# Denton,TX-Senior F-To be euth'd for Holiday



## Myamom (Oct 10, 2005)

EMERGENCY POST - TX. Denton

**PERMISSION TO CROSSPOST - PLEASE HELP**
RESCUE OR ADOPTION NEEDED BY COB WEDNESDAY - 
WE ARE HEARING PTS WILL PROBABLY BE SCHEDULED FOR "ANY" AVAILABLE DOGS EARLY AM THURS 5/21 TO ENSURE THERE IS SPACE OVER THE HOLIDAY WEEKEND.* 



GRETA, Senior F, German Shepherd, Pet ID: 40900
VERY SPECIAL DOG - Shelter requesting any help you might be able to provide ...We have about a 9-10 year old full blood German shepherd dog at our shelter right now. She is pretty skinny and must have been roaming out in the country for a while. She loves to be around people and is very obedient however, she does not do well with some of the other dogs. We are hoping to find somewhere for her to live out the rest of her life in a loving home. She's very, very loving to people. 
May only be available through COB 5pm on Wed 5/20 ... please help


[email protected] is the contact if you can help any of these wonderful pets! all at risk of being killed if they aren't pulled from the shelter by Wednesday, May 20. If you call and tag an animal, PLEASE be sure and keep your plans of pulling it!

THIS SHELTER IS FULL. If you see ANY cat or dog you can help, please contact Amy ASAP at [email protected] or call or come by the shelter prior to COB Wednesday 5/20 - 5pm. 

Please, if you haven't rescued before from this shelter, OR, if you have, please consider saving anyone you see pictured below. They desperately need rescue groups that can help.




















Don't know if this one is even still alive...Holidays sure stink for shelter animals.......


----------



## Myamom (Oct 10, 2005)

EEK...JUST GOT THIS UPDATE...

(which was dated yesterday...meaning this refers to this morning)
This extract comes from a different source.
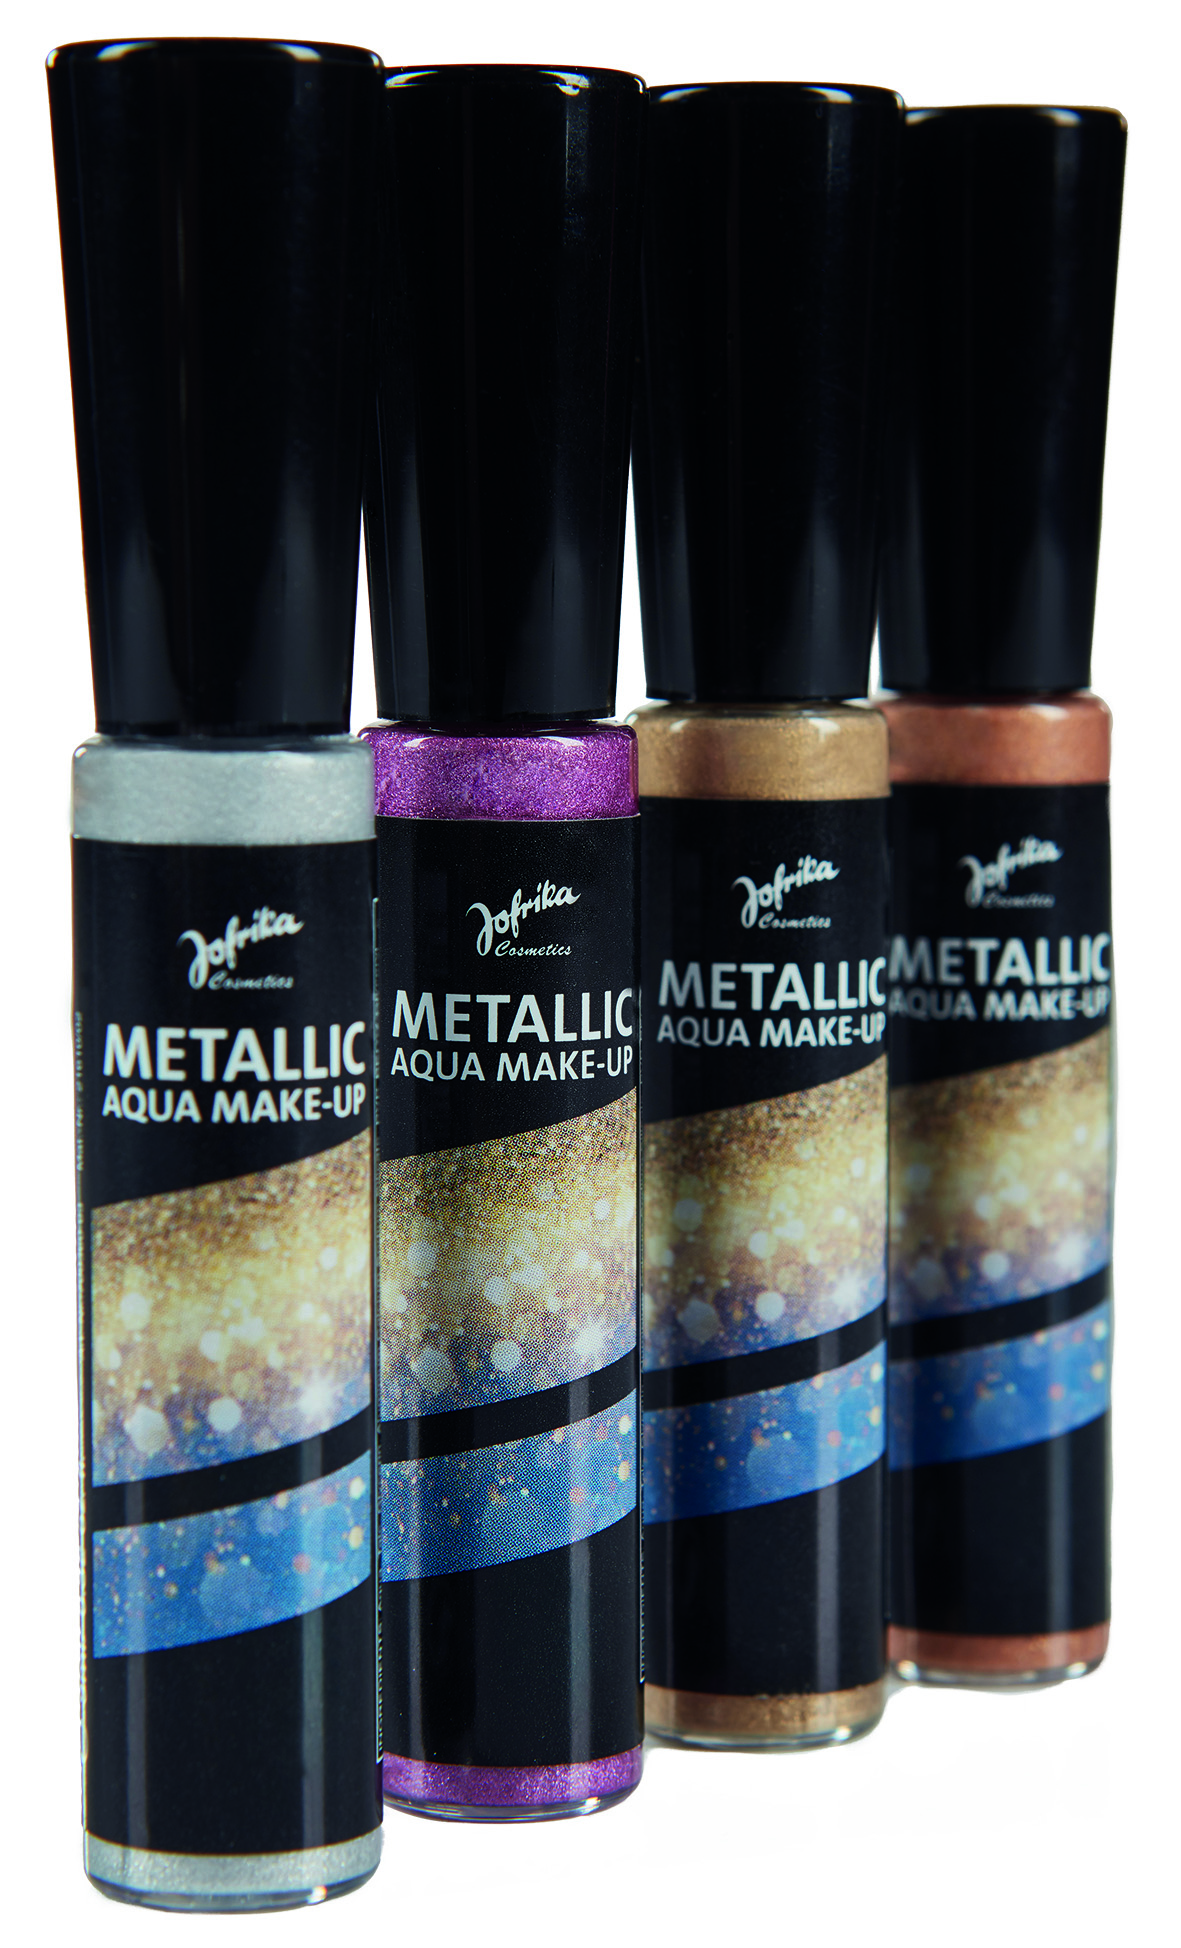 Jofrika Cosmetics 70036x Metallic Aqua make up, metallisch schimmernd, 4 Farben

******Note- The puppy with mange, Tweetie, Sophie the sad little Shepherd mix and the Pretty German Shepherd girl are scheduled to be killed tomorrow am! PLEASE help them*******


----------



## wsumner26 (Jan 27, 2006)

Come on Texas people...please help this girl.


----------



## Sashmom (Jun 5, 2002)

wow, that is just SAD. Someone mustve owned her at one time. 
How could they do this to her








I hope someone jumps in and saves her. Sounds like she loves people and would appreciate a good home.


----------



## Karin (Jan 4, 2008)

Those poor dogs! This is so sad.


----------



## staxi2 (Oct 18, 2007)

bump


----------



## Renoman (Apr 10, 2009)

any update on this girl?


----------



## Sheba120 (Jan 5, 2008)

oh no, not another to be killed because of the 'holidays'... bump


----------